(Beginning of THE DATA)

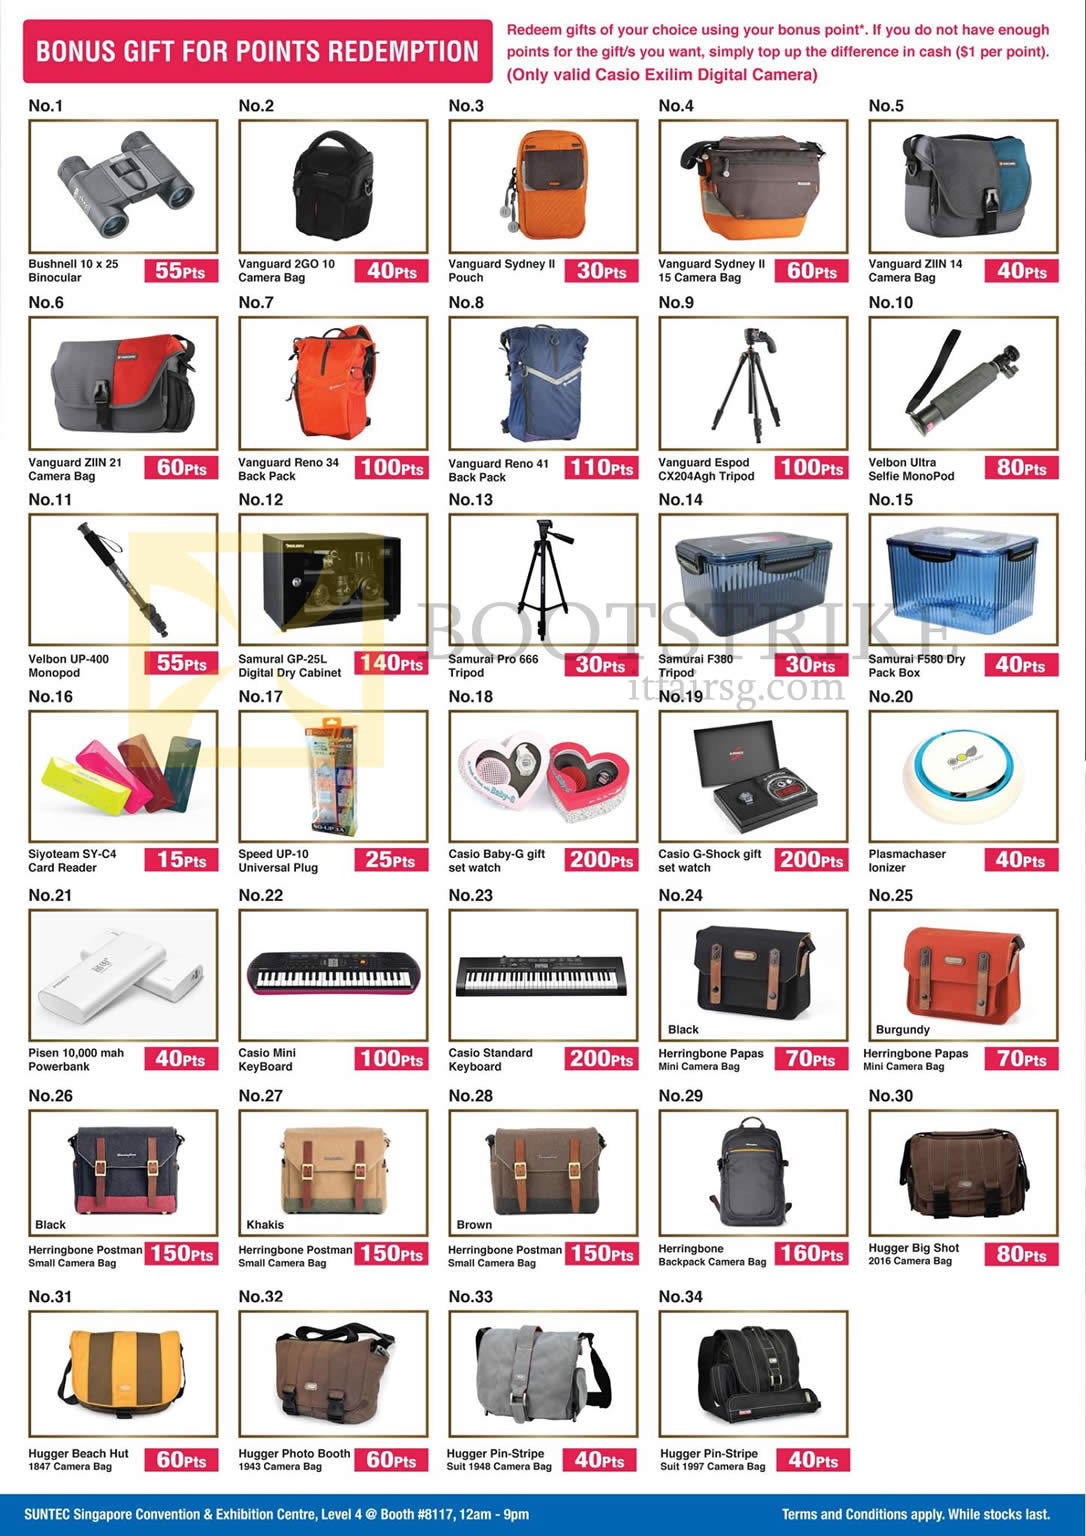 IT SHOW 2015 price list image brochure of Casio Digital Cameras Gift For Points Redemption
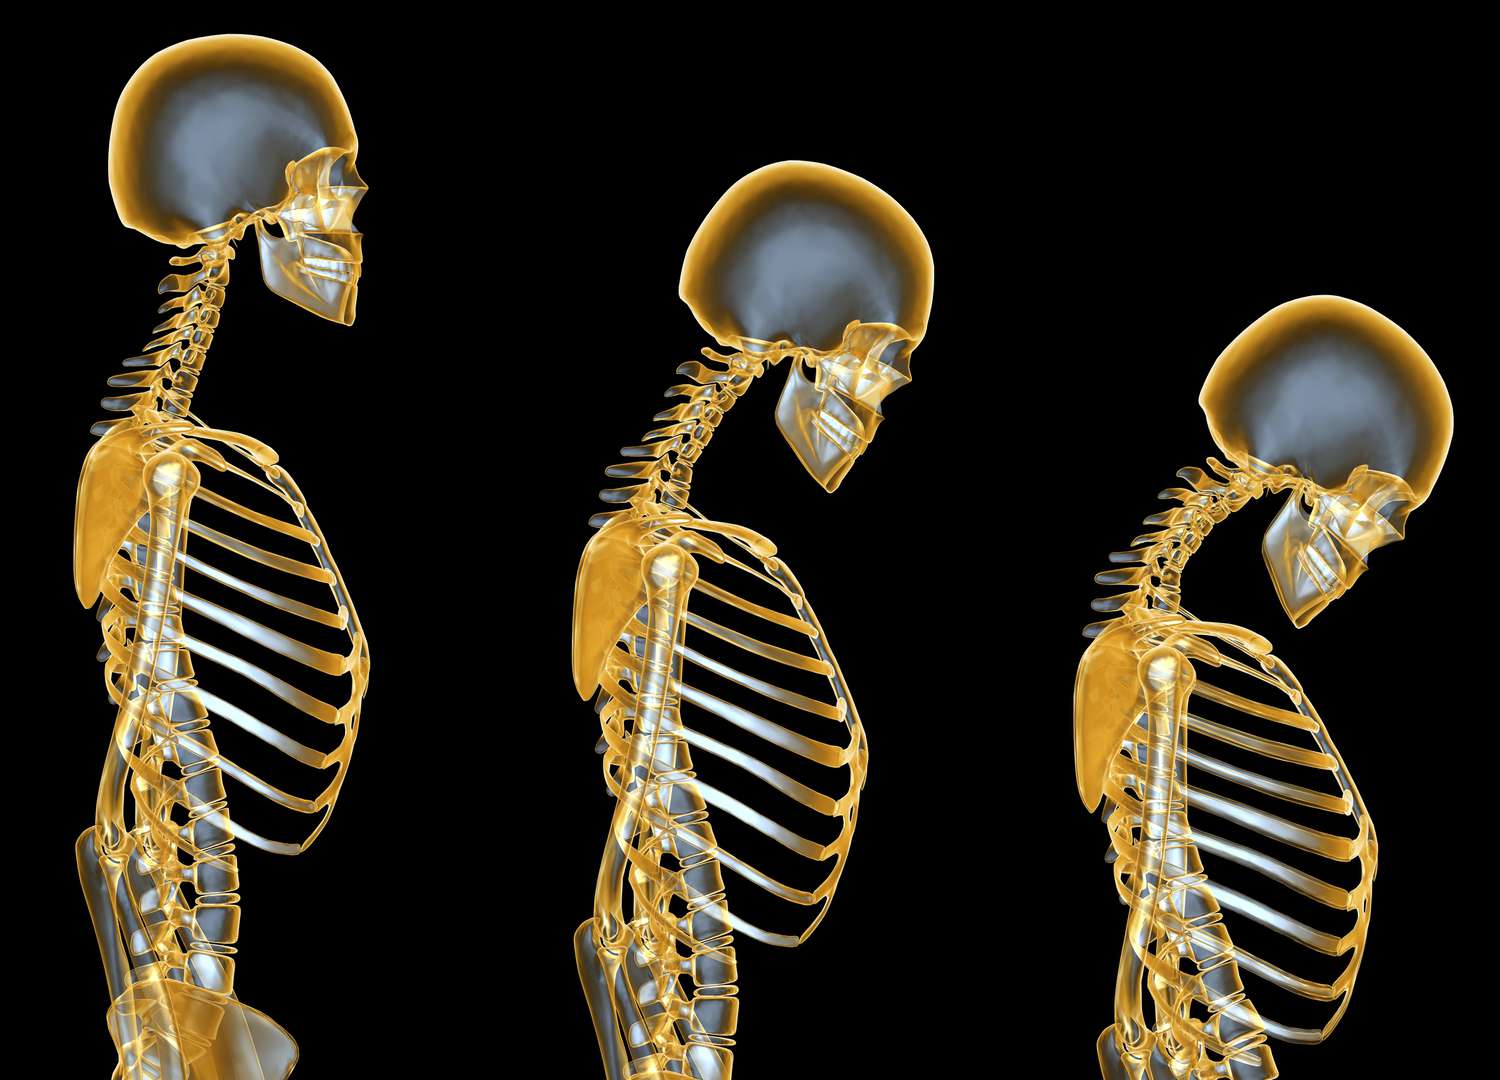 Fragile Bones: Osteoporosis and the Impact of Steroid Abuse
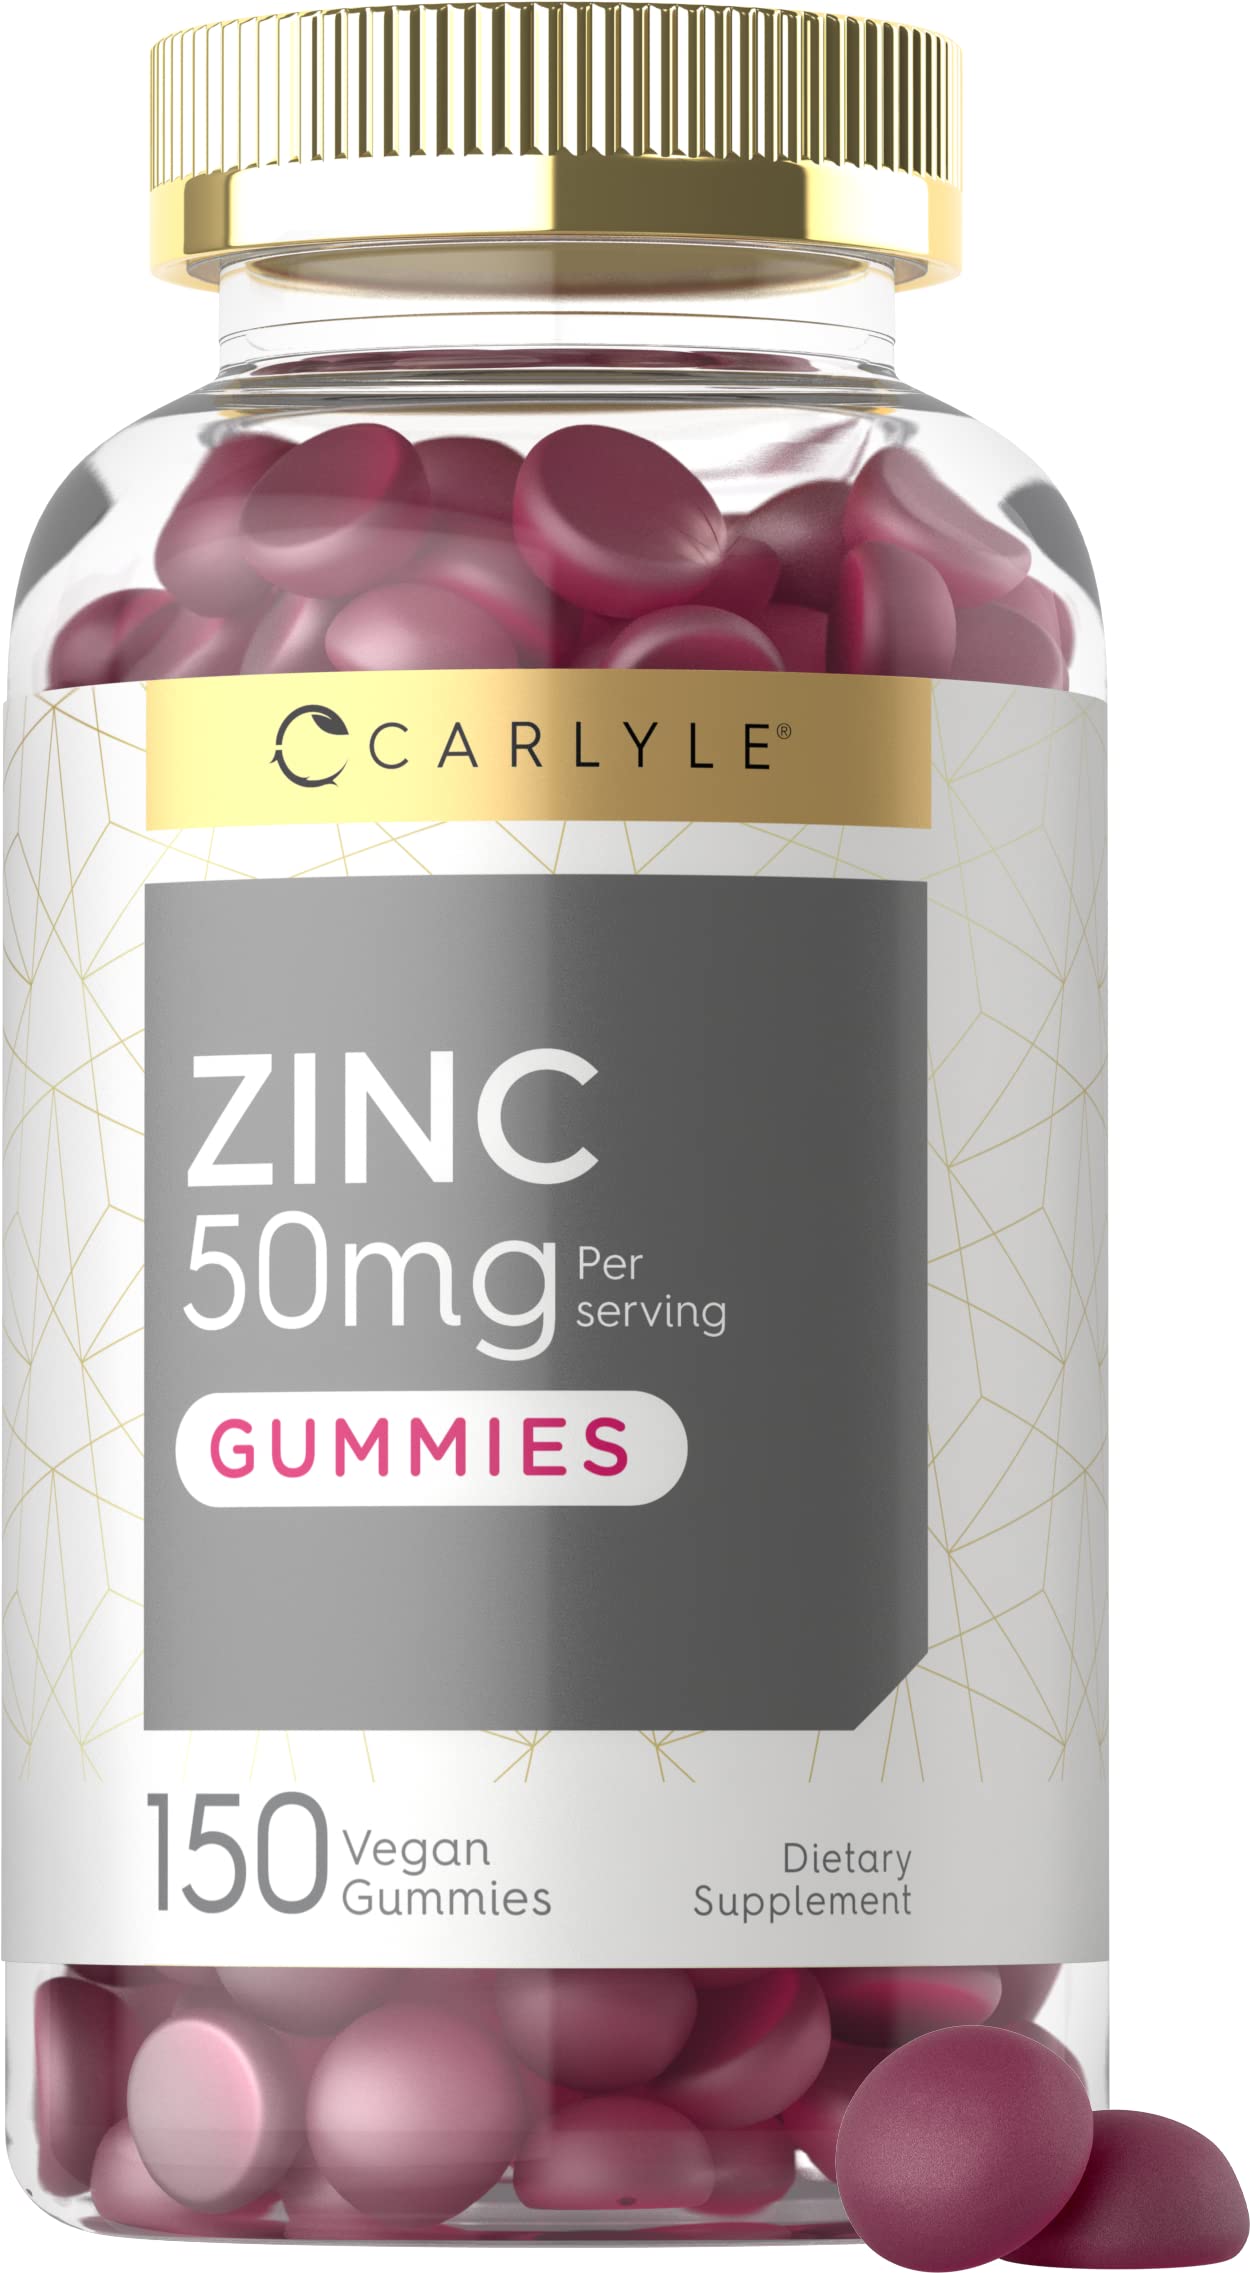 Zinc 50mg Gummies | 150 Count | Vegan, Non-GMO and Gluten Free Formula | Zinc Citrate Dietary Supplement | by Carlyle

(End of THE DATA)

- [WHAT YOU NEED TO DO]:
Write out, please, the lines of the listing above from the one with "Fragile Bones: Osteoporosis" through the very last, exactly as given and with no pictures.

- [SOLVED EXERCISE]:
 Fragile Bones: Osteoporosis and the Impact of Steroid Abuse
 Zinc 50mg Gummies | 150 Count | Vegan, Non-GMO and Gluten Free Formula | Zinc Citrate Dietary Supplement | by Carlyle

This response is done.